### How to complete this task
Each line below should be repeated exactly as written, with no pictures carried over.

### Available data
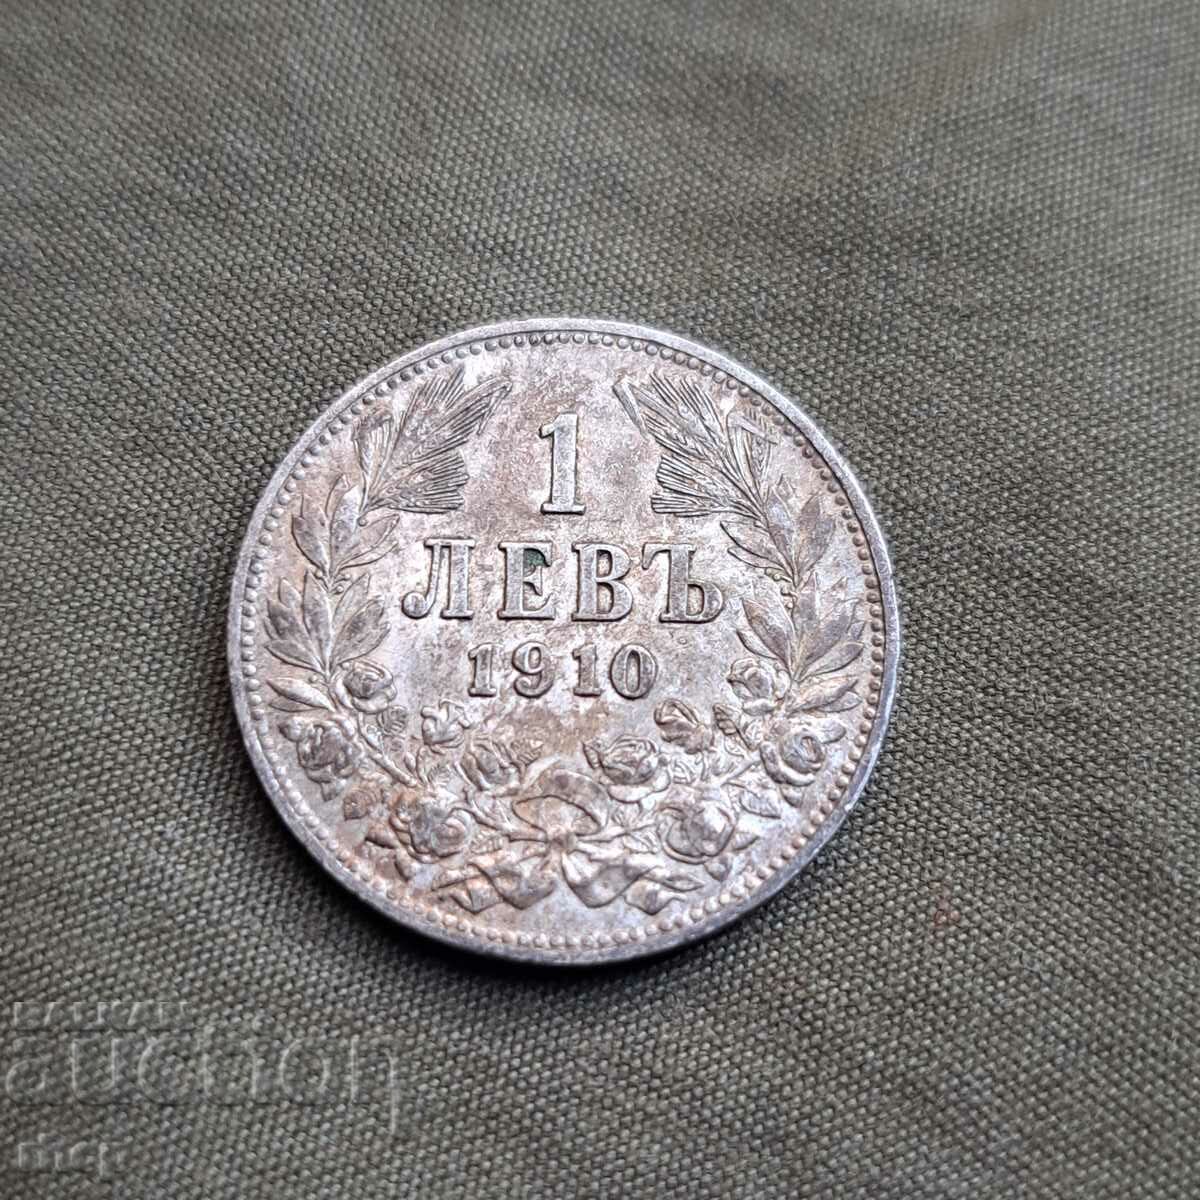 1 BGN 1910 coin patina
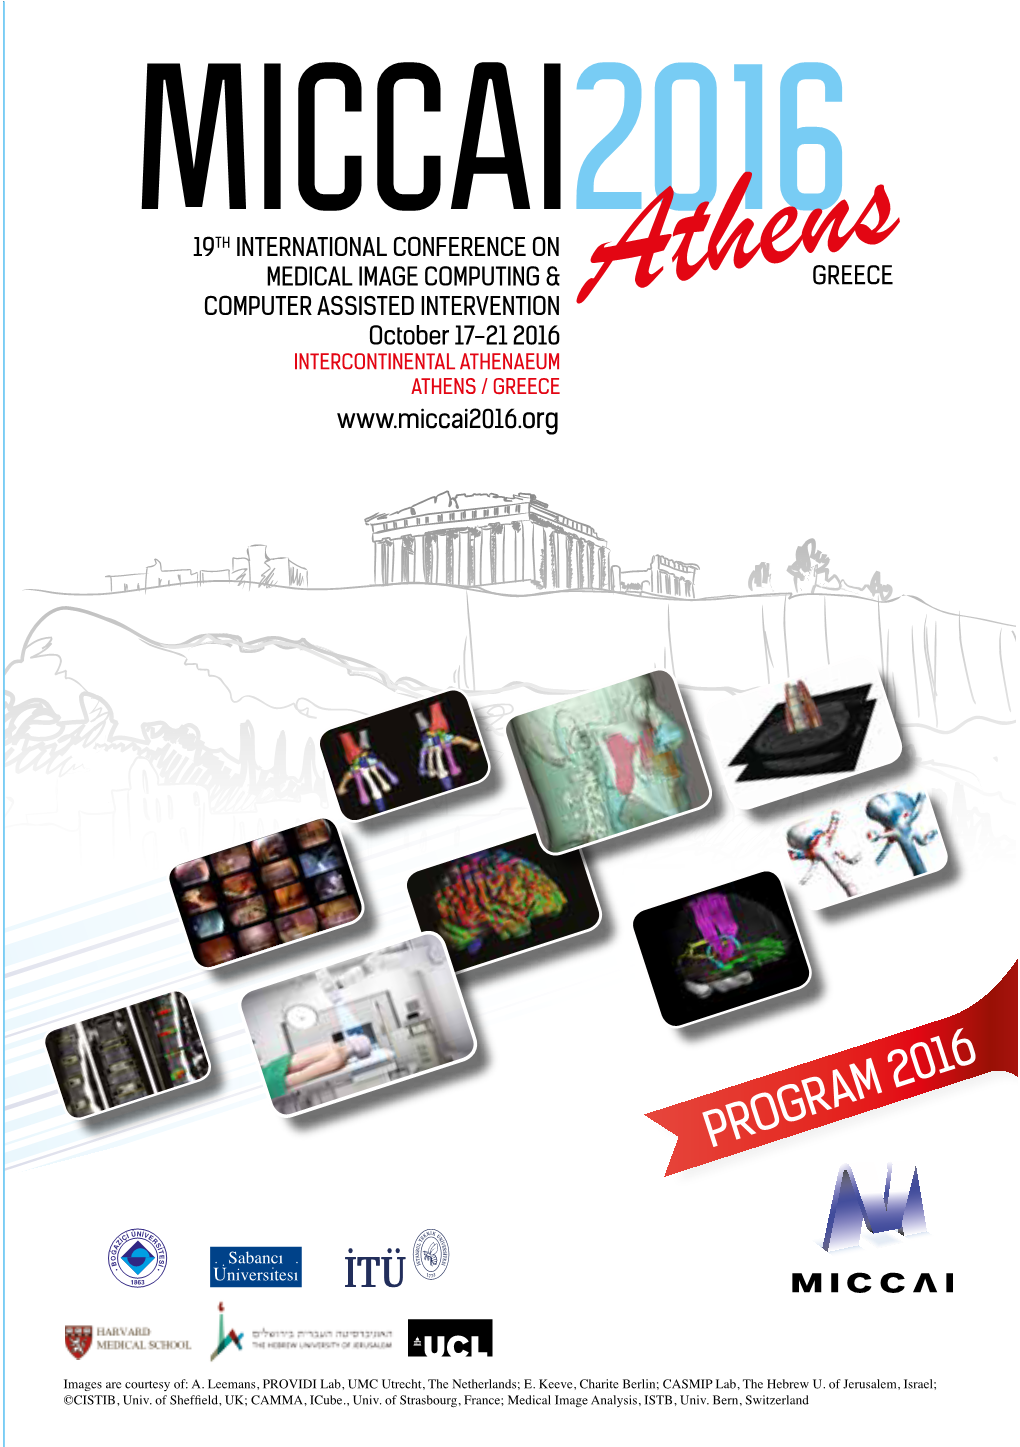 Athens October 17-21 2016 INTERCONTINENTAL ATHENAEUM ATHENS / GREECE
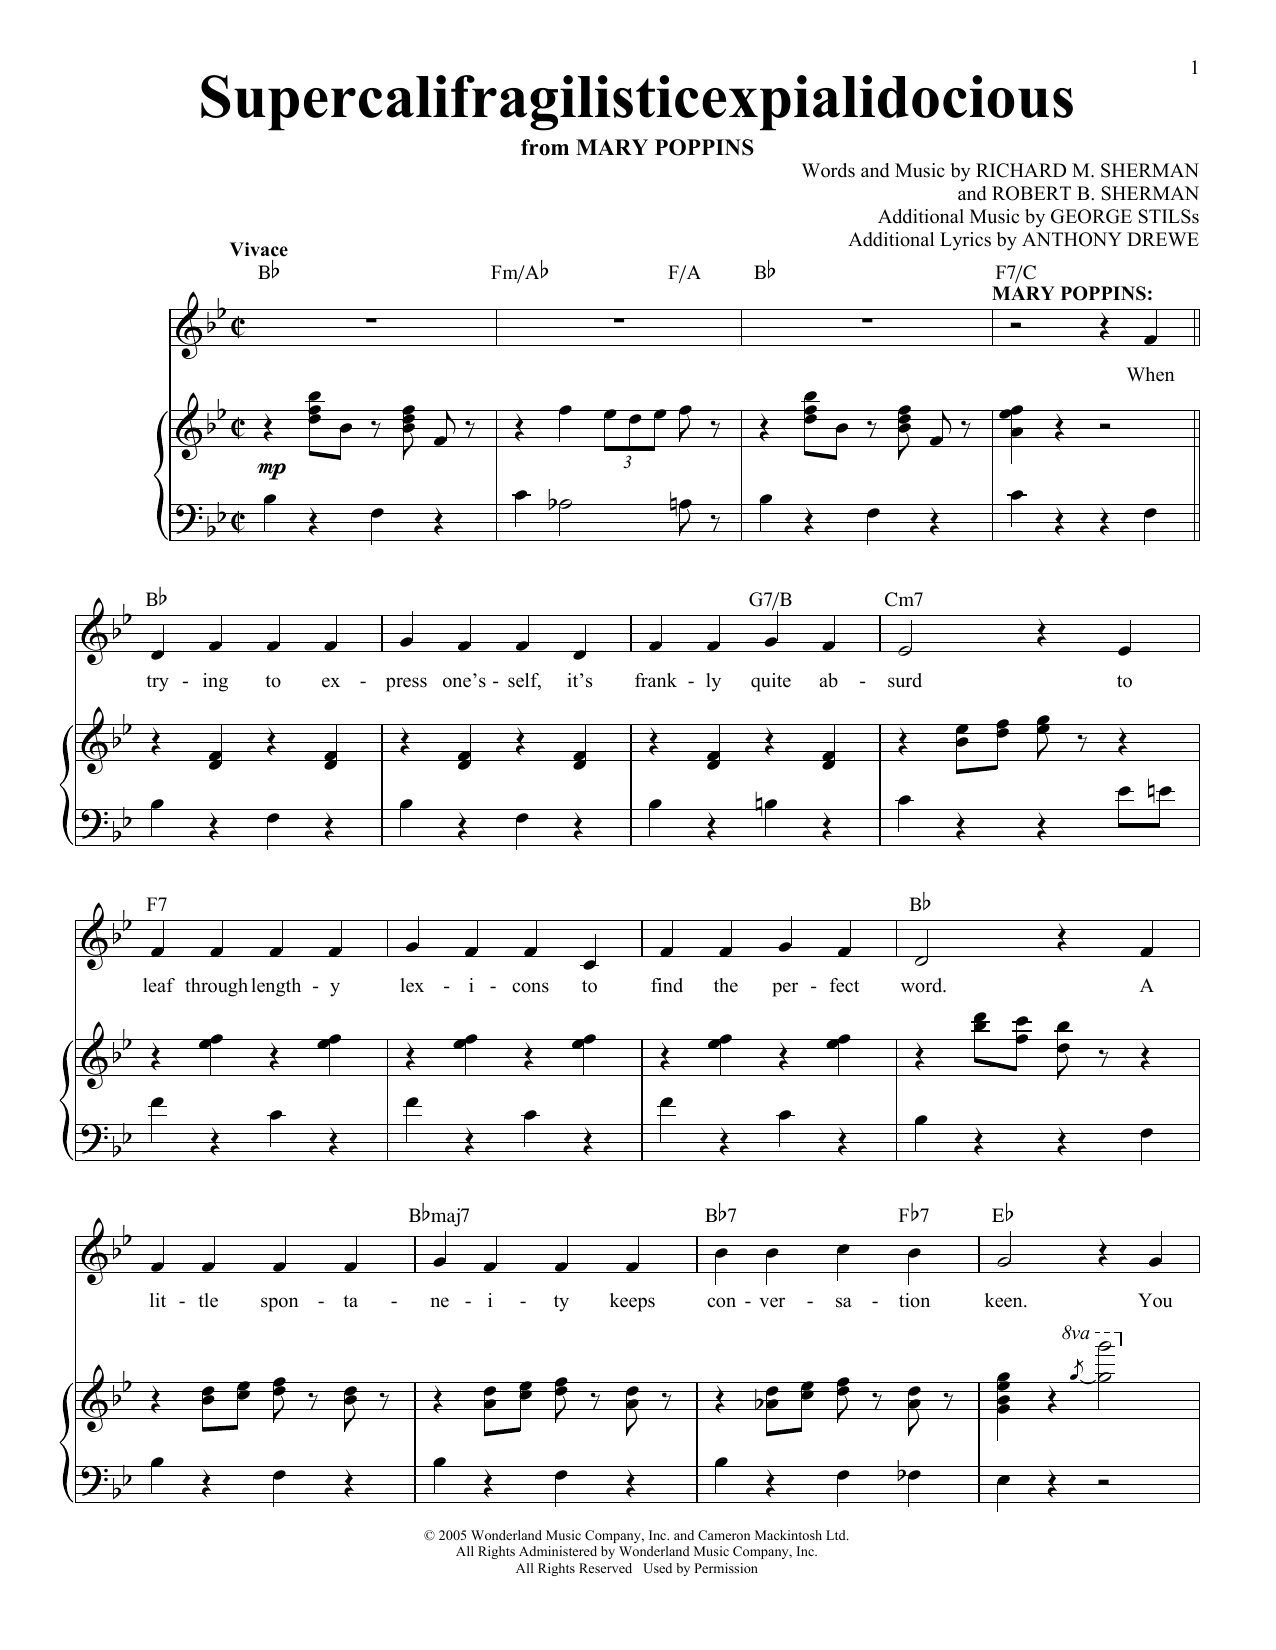 Richard & Robert Sherman Supercalifragilisticexpialidocious Sheet Music Notes & Chords for Piano & Vocal - Download or Print PDF

### Solution
 1 BGN 1910 coin patina
 Athens October 17-21 2016 INTERCONTINENTAL ATHENAEUM ATHENS / GREECE
 Richard & Robert Sherman Supercalifragilisticexpialidocious Sheet Music Notes & Chords for Piano & Vocal - Download or Print PDF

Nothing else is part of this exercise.